Can’t lives on Won’t Street.

Friendship is not Passion’s ugly stepsister.

Sheep are stupid; Scots are resolute. It only sometimes seems the other way ‘round.

Truth finds an ally in Nuance but a threat in Politicks.

The concept of fungibility , so useful when applied to wheat, is a passable definition of evil when applied to human life.

Five dollar words like fissiparousness and deliberate anachronisms like yclept are good, clean, cheap fun.

Irony is a virtue but cynicism is a vice.

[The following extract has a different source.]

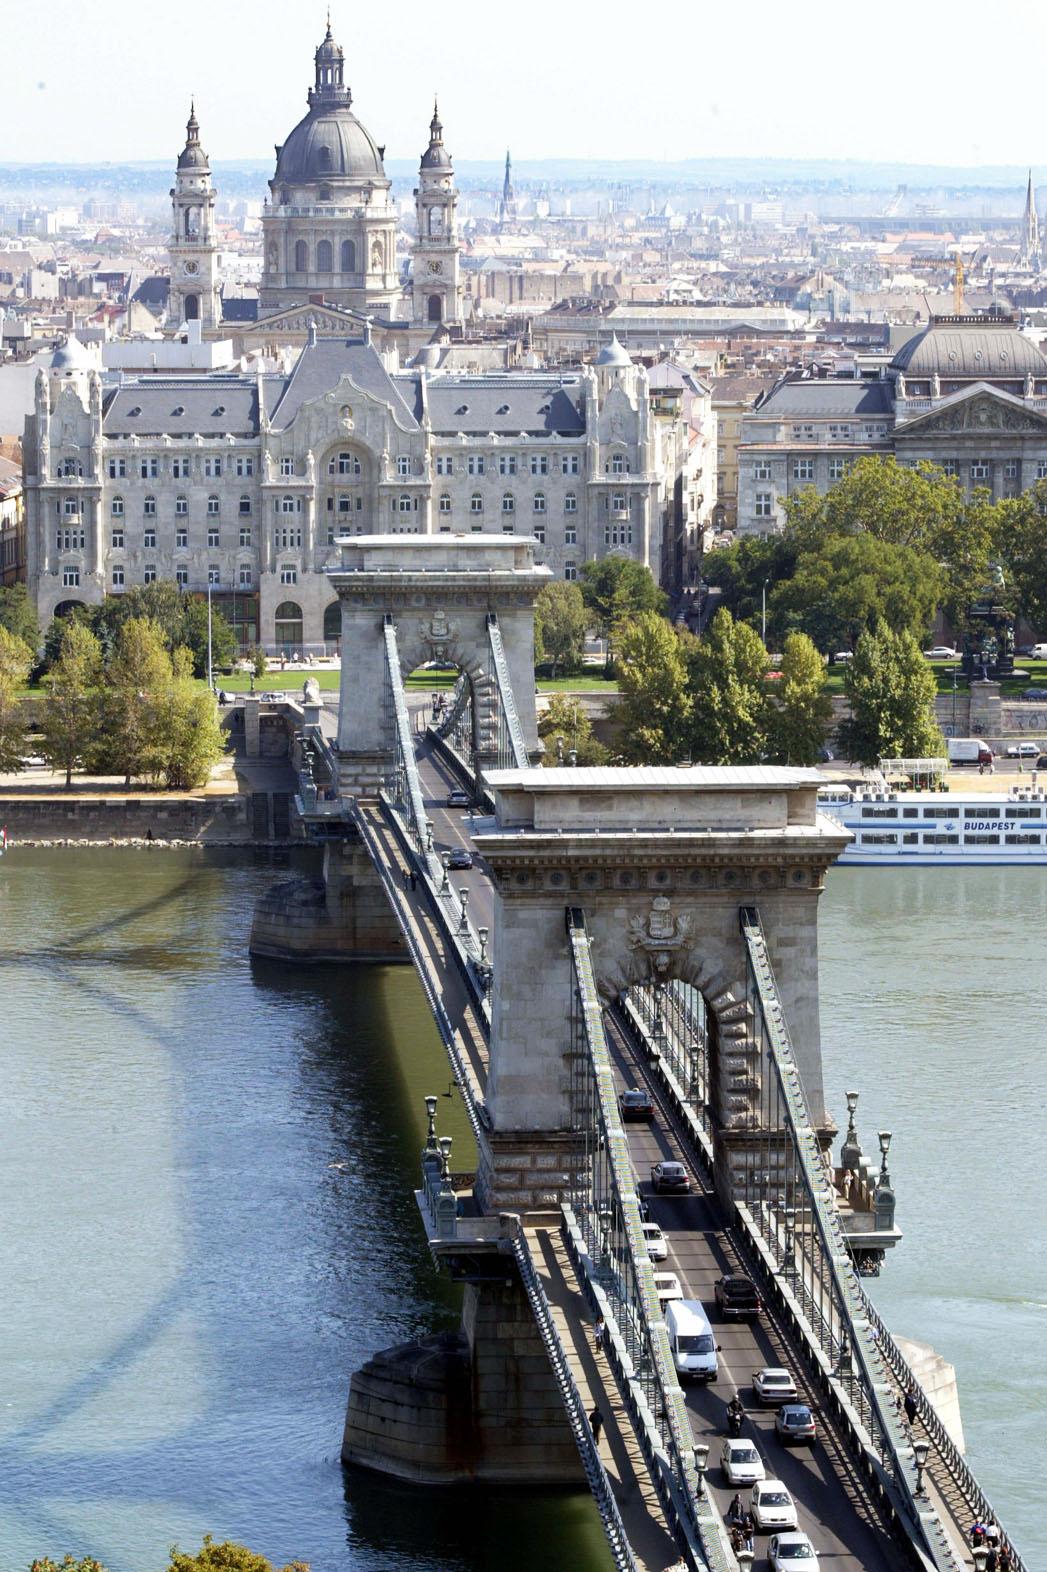 Budapest, Hungary - P 2013

Alfred Tennyson was almost always right. He really nailed it when he wrote: “'Tis better to have loved and lost, than never to have loved at all.”

And Bush sucks.

February 26, 2005 at 1:07 AM  
Blogger Corresponding Secretary General said...

And also,

Horizontal stripes tend to be more slimming.

"Martial" and "Marital" have the same root; also "Martian."

And Bush sucks.

February 26, 2005 at 1:17 AM  
Blogger The Sum of All Monkeys said...

We also believe that calling someone Un-American is the very definition of Un-American.That, despite the fact that no one has ever seen it, Anne Coulter does have a penis.Conspicuous consumption is ugly, but enjoying the finer things in life is not.

And Bush sucks (and doesn't swallow)

February 26, 2005 at 9:14 AM  
Blogger The Sum of All Monkeys said...

I also personally believe that blogspot does NOT understand line breaks, despite my best efforts to make it do so.